### Brief
With pictures left out, output word for word the lines from the one containing "Set of Three Criss Cross Nesting Baskets" through the end of the material below.

### Dataset excerpt
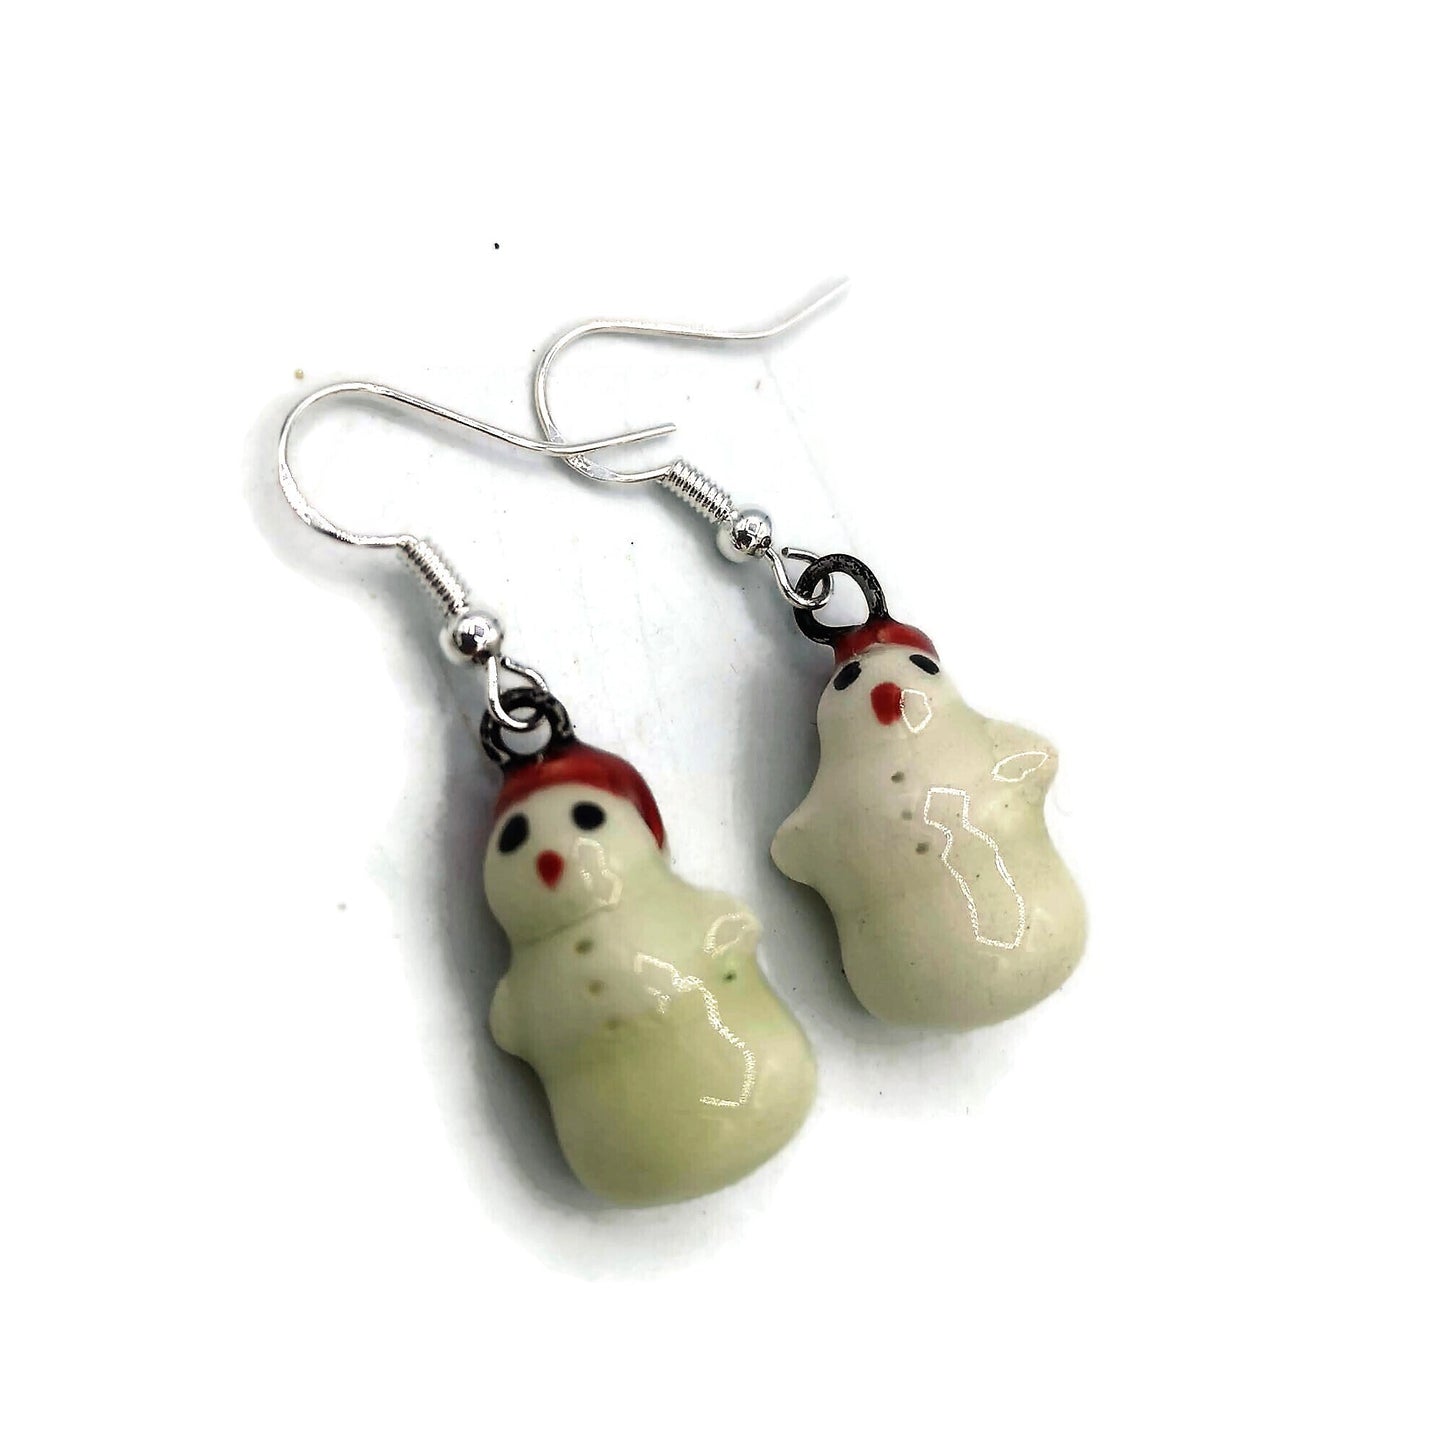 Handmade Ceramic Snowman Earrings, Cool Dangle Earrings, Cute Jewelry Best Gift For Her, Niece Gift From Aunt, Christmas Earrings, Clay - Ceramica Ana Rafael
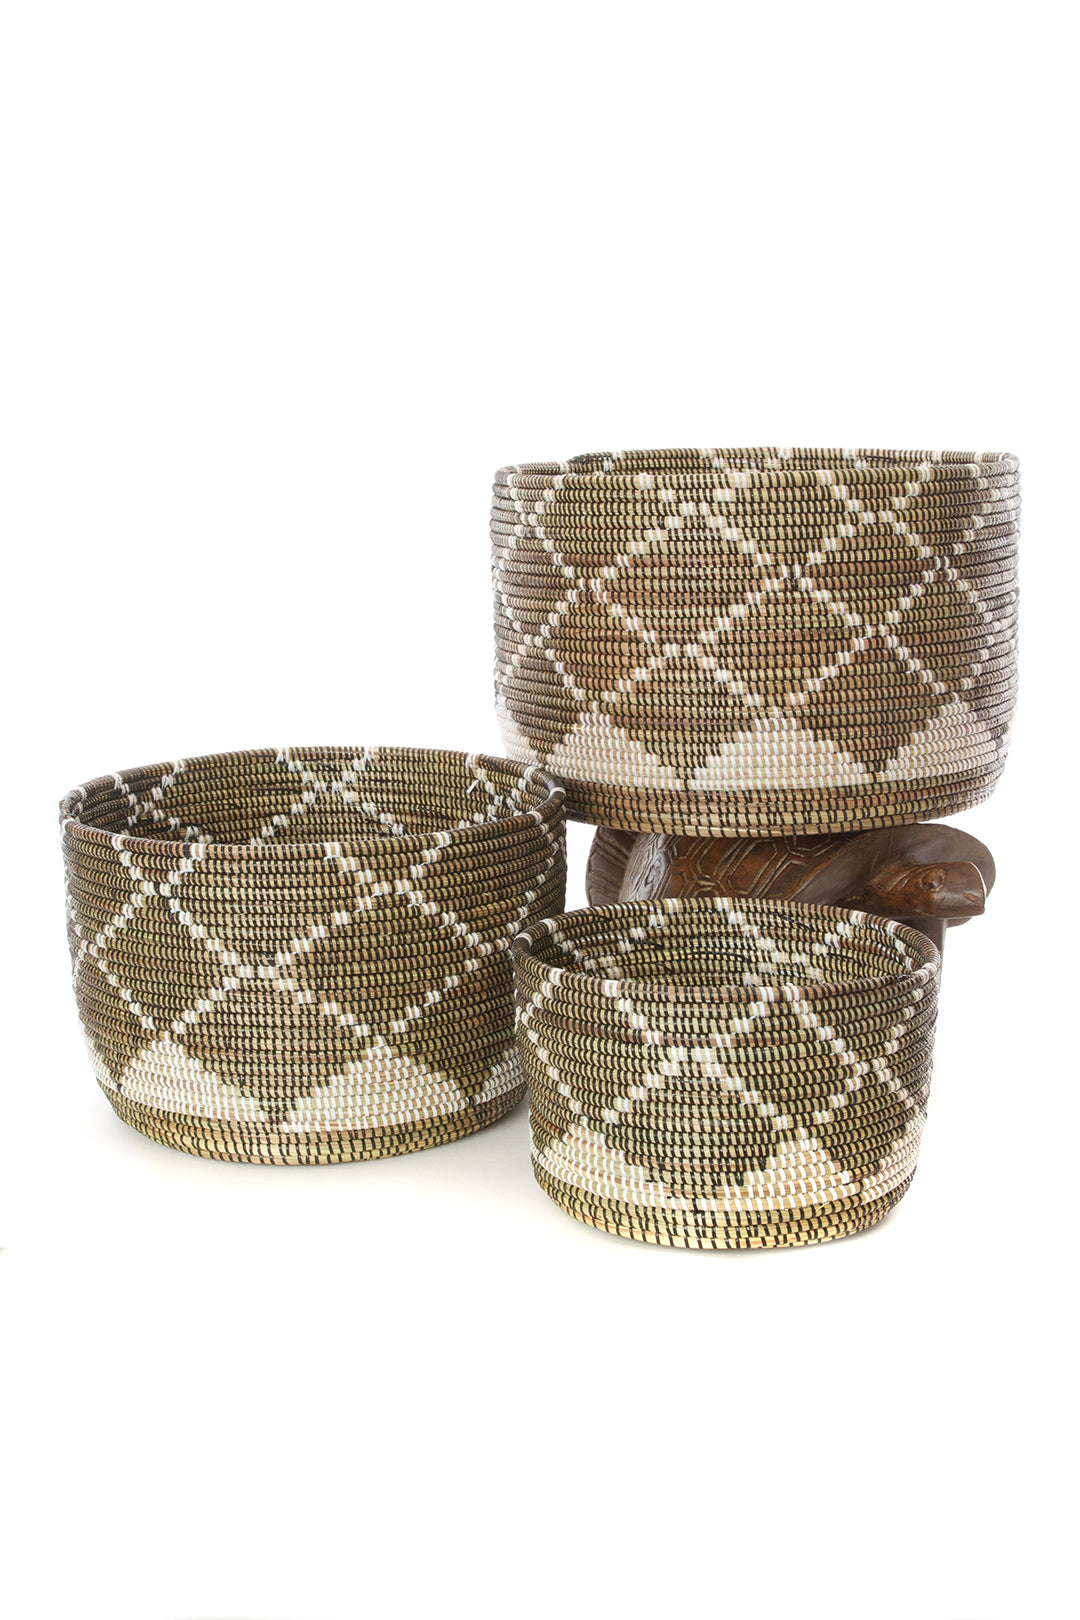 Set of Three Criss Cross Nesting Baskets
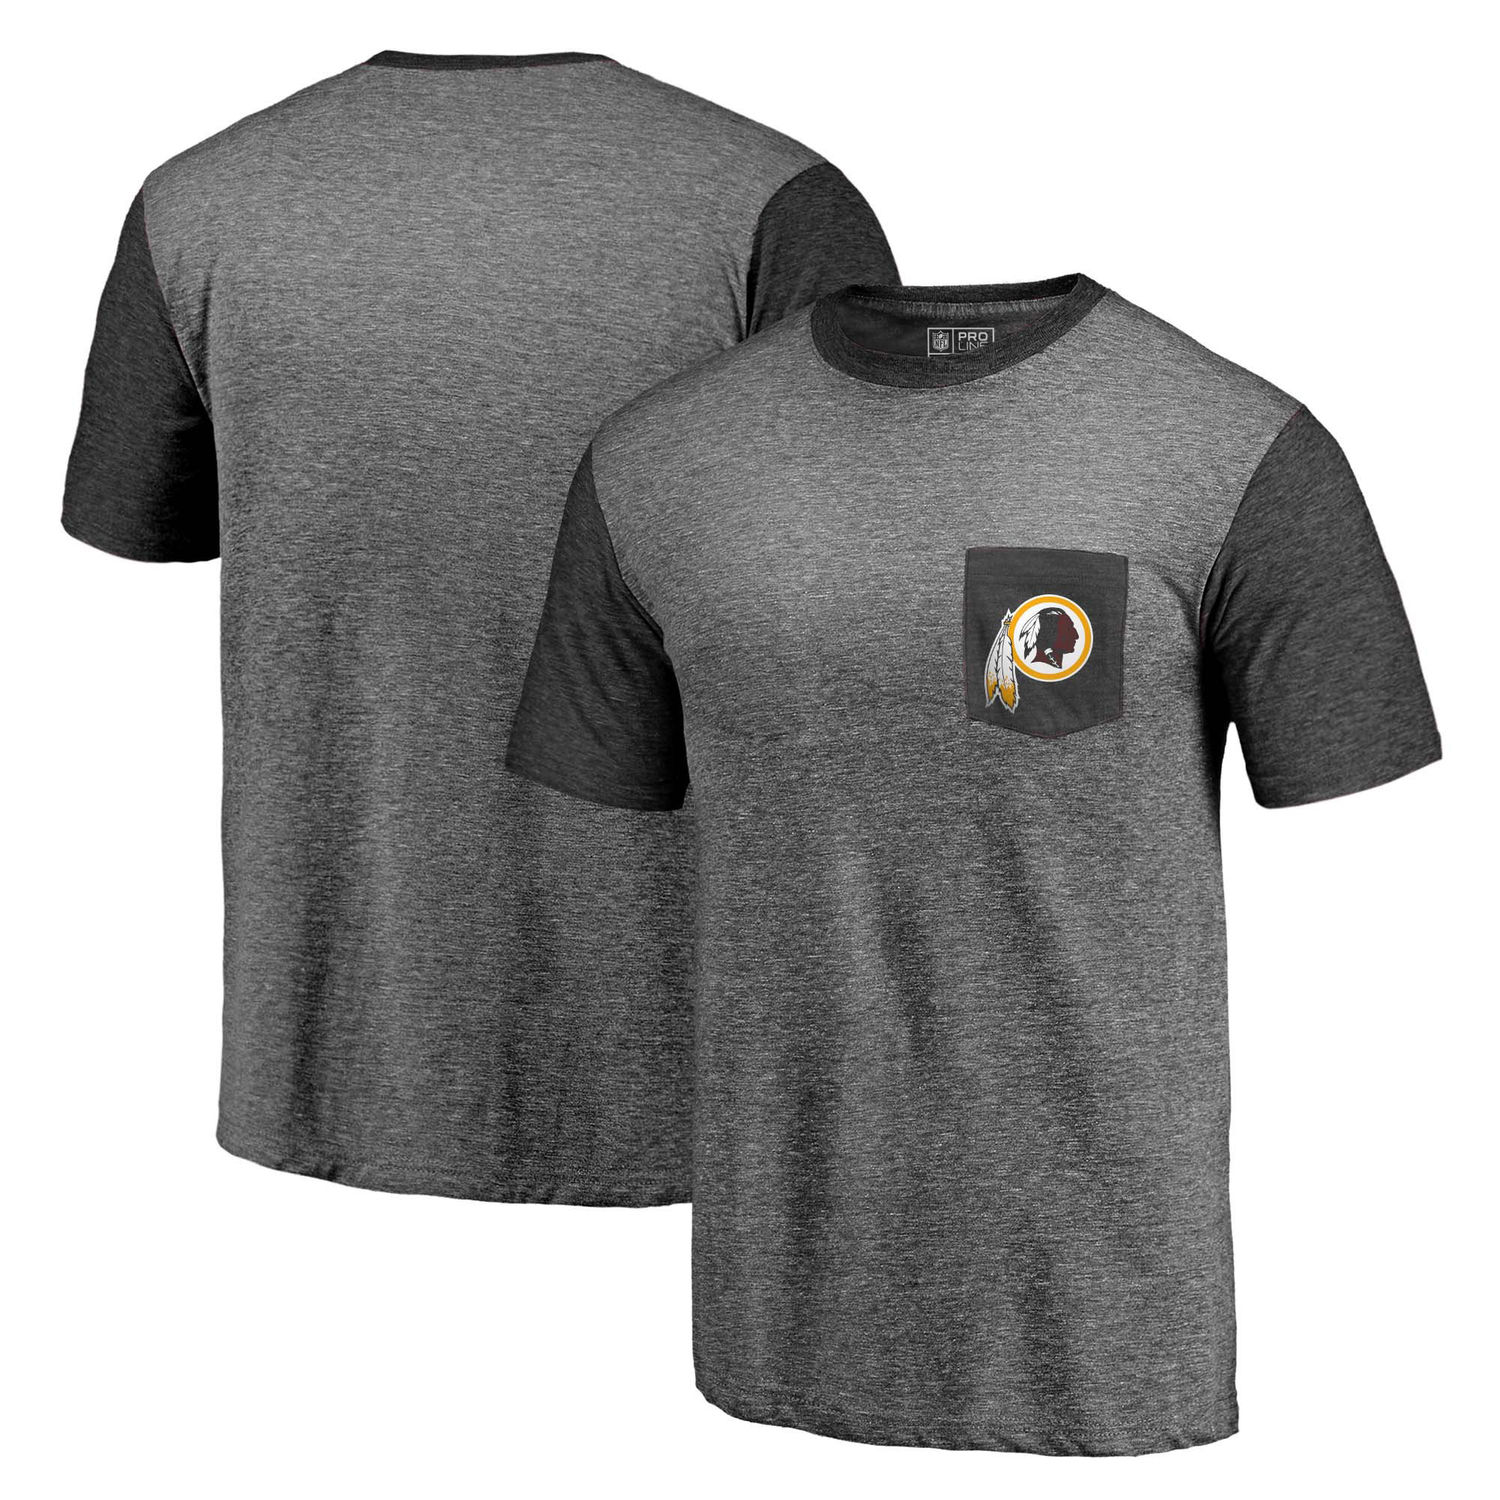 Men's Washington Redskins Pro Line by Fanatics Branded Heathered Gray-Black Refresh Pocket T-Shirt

### Exercise solution
 Set of Three Criss Cross Nesting Baskets
 Men's Washington Redskins Pro Line by Fanatics Branded Heathered Gray-Black Refresh Pocket T-Shirt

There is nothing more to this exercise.